Tools and Strategies for “Hot Topics”- Part 3 of 3




After the difficult conversation or incident in class

I regularly use formative feed-back in my class—feedback that is solicited over the course of a term, allowing me to measure student progress, highlighting concepts that are still unclear, and to hear from the students about what is and is not creating an effective learning environment.
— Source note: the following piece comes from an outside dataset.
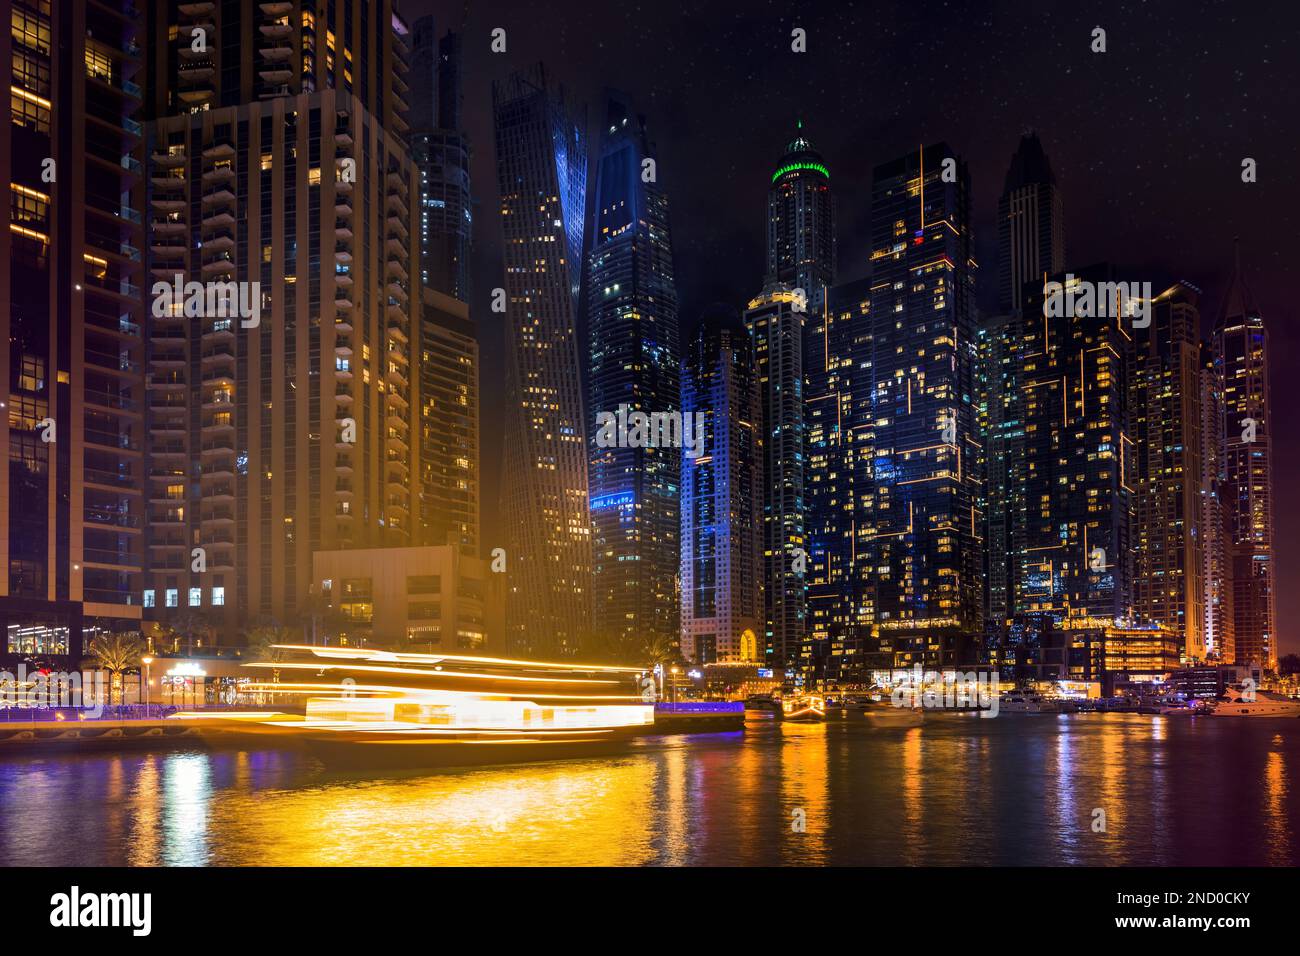 Dubai Marina por la noche, rascacielos iluminados y barcos del canal. EMIRATOS ÁRABES UNIDOS Foto de stock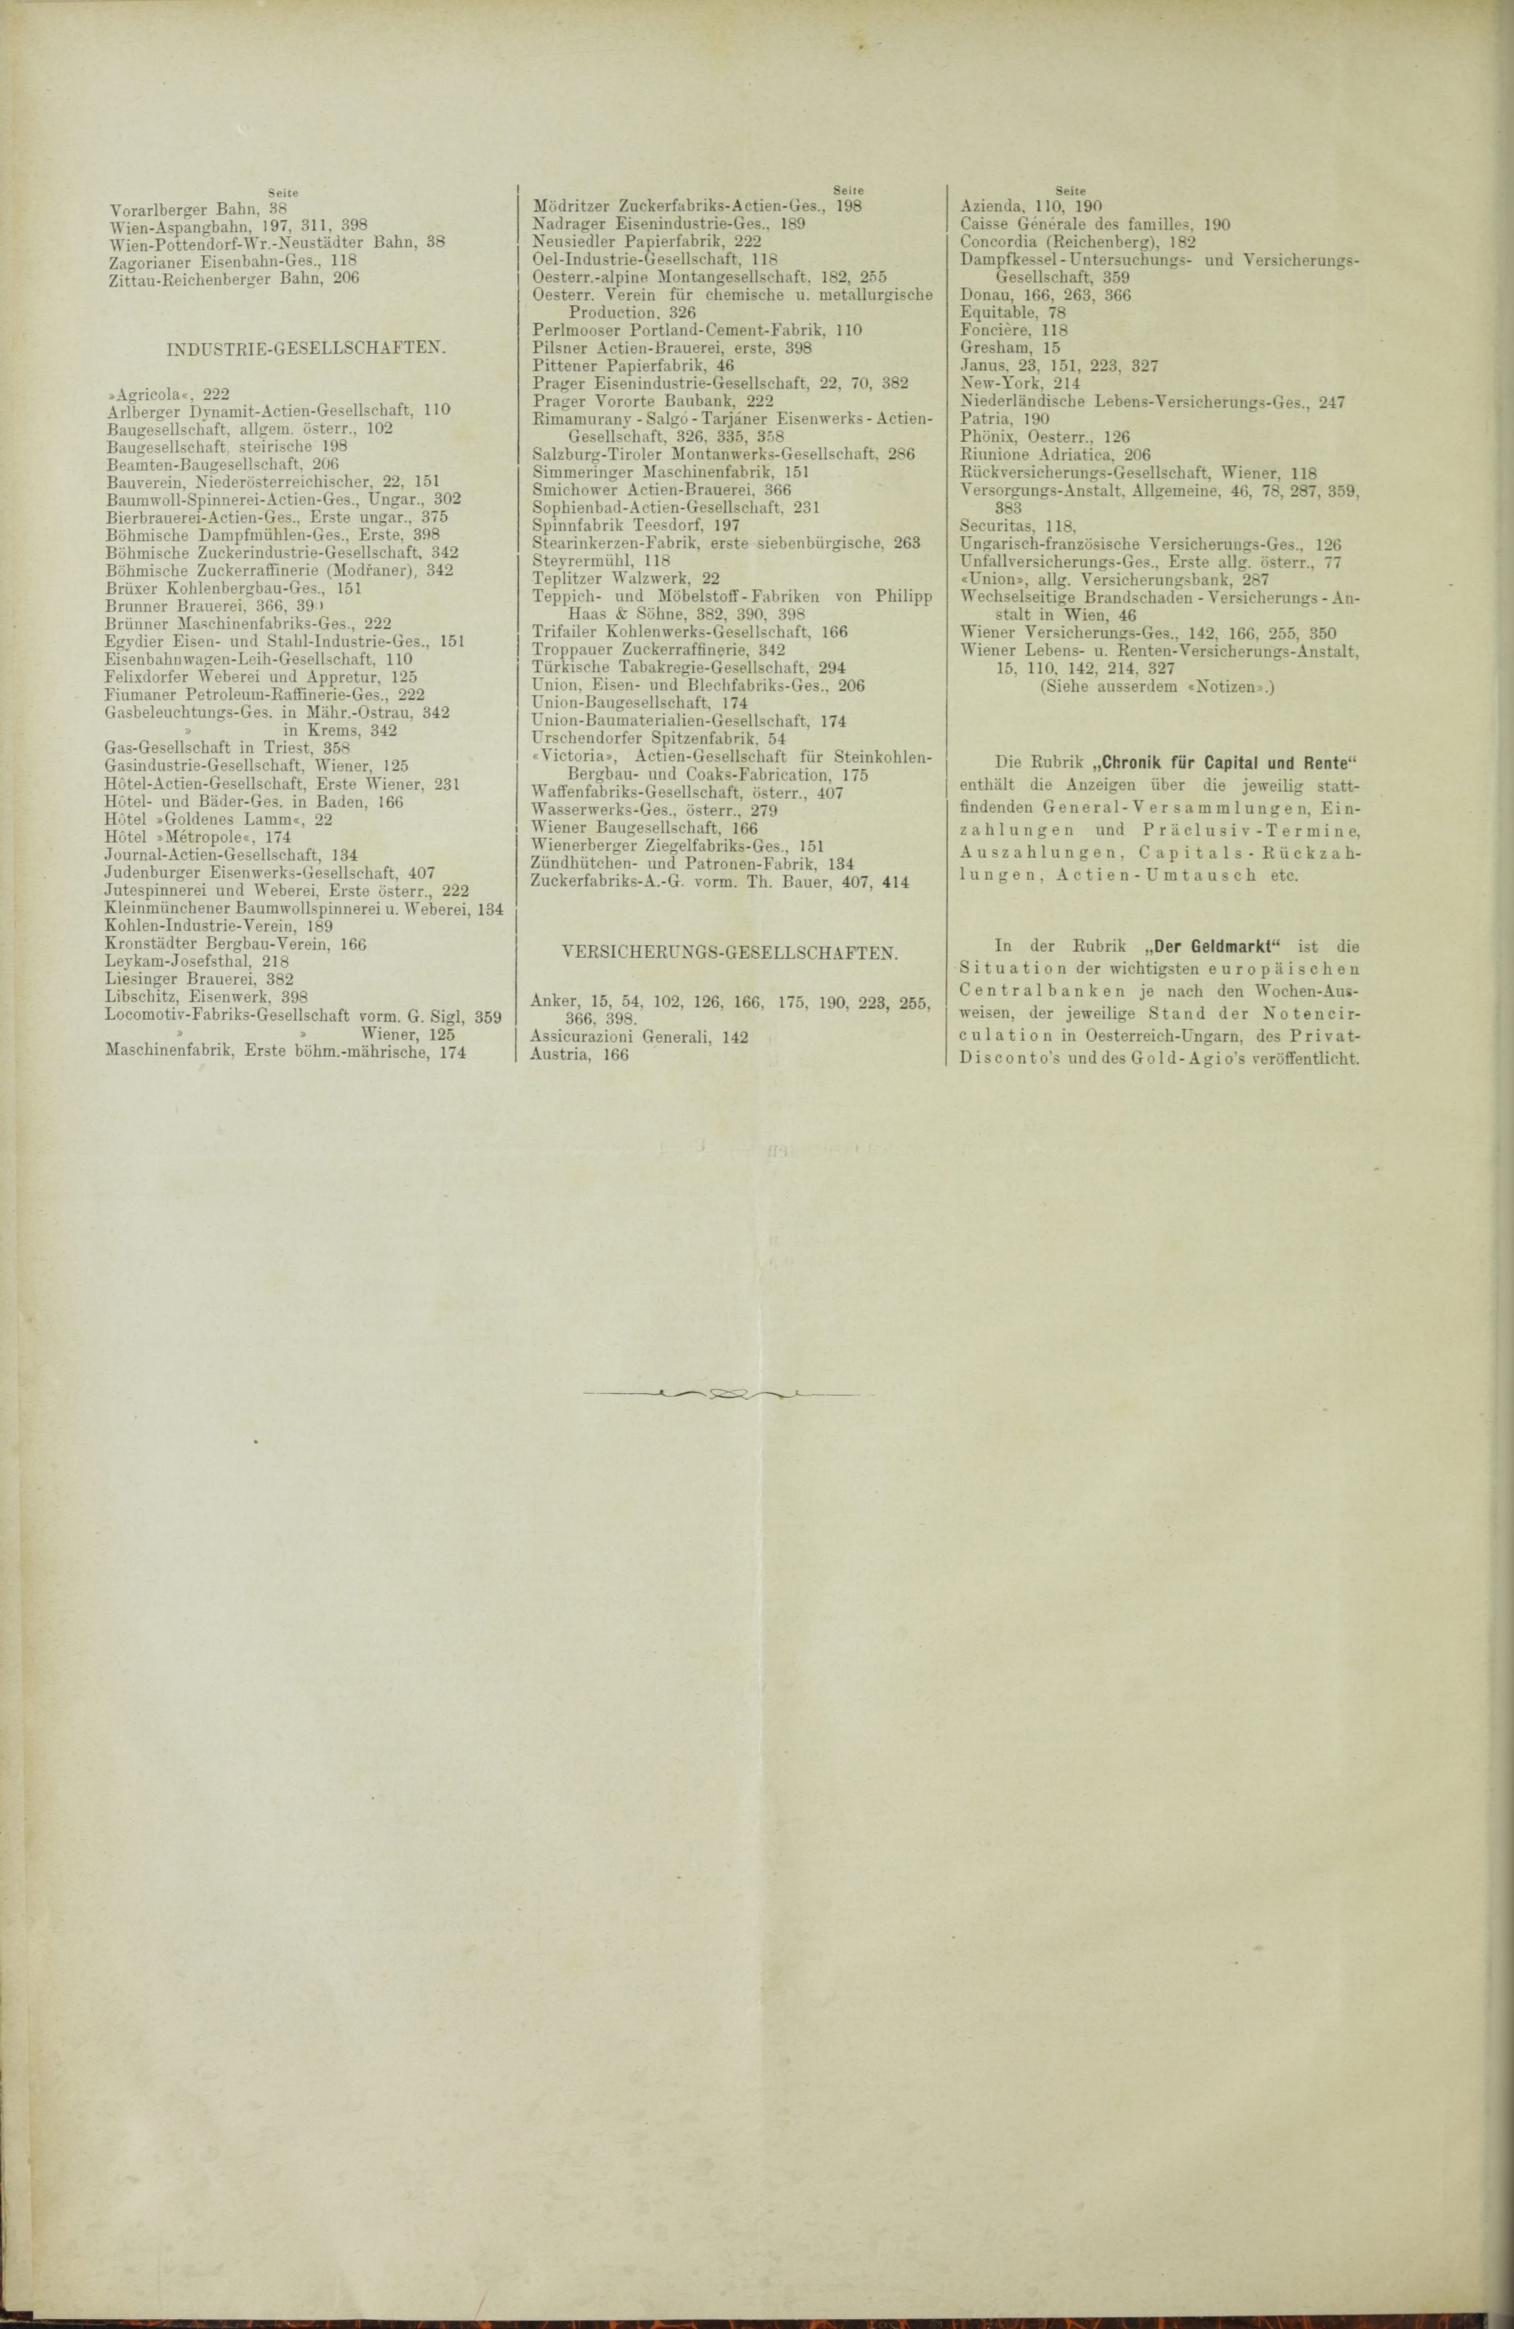 Der Tresor 07.10.1886 - Seite 12

The formative feedback tool below is new to me, and will be very helpful in determining if and how the difficult topics are addressed in class were ultimately beneficial, or that they require follow-up.

The Critical Incident Questionnaire

At the end of the day (or week, or unit, or other appropriate time period), set aside 10 minutes for the class to respond, in writing, to a few specific questions.  (This may be especially helpful to do when a class session has been particularly difficult or tense).

  • At what moment were you most engaged as a learner?
  • At what moment were you most distanced as a learner?
  • What action that anyone in the room took did you find most affirming or helpful?
  • What action that anyone in the room took did you find most puzzling or confusing?
  • What surprised you most?

Keep all of the responses anonymous, and collect them at the end of the class.  Read and analyze the responses, and compile them according to similar themes and concerns.  Most important is that you report back to the group at the next meeting, and allow time for comments and discussion. (Borrowed from Vanderbilt University)

If properly prepared, you will actually find that the difficult topics and discussions allow a class to dig deeply into an issue, example, or situation that can take us beyond classroom readings and into ‘real world’ contexts, making learning even more meaningful, relevant, and transformative.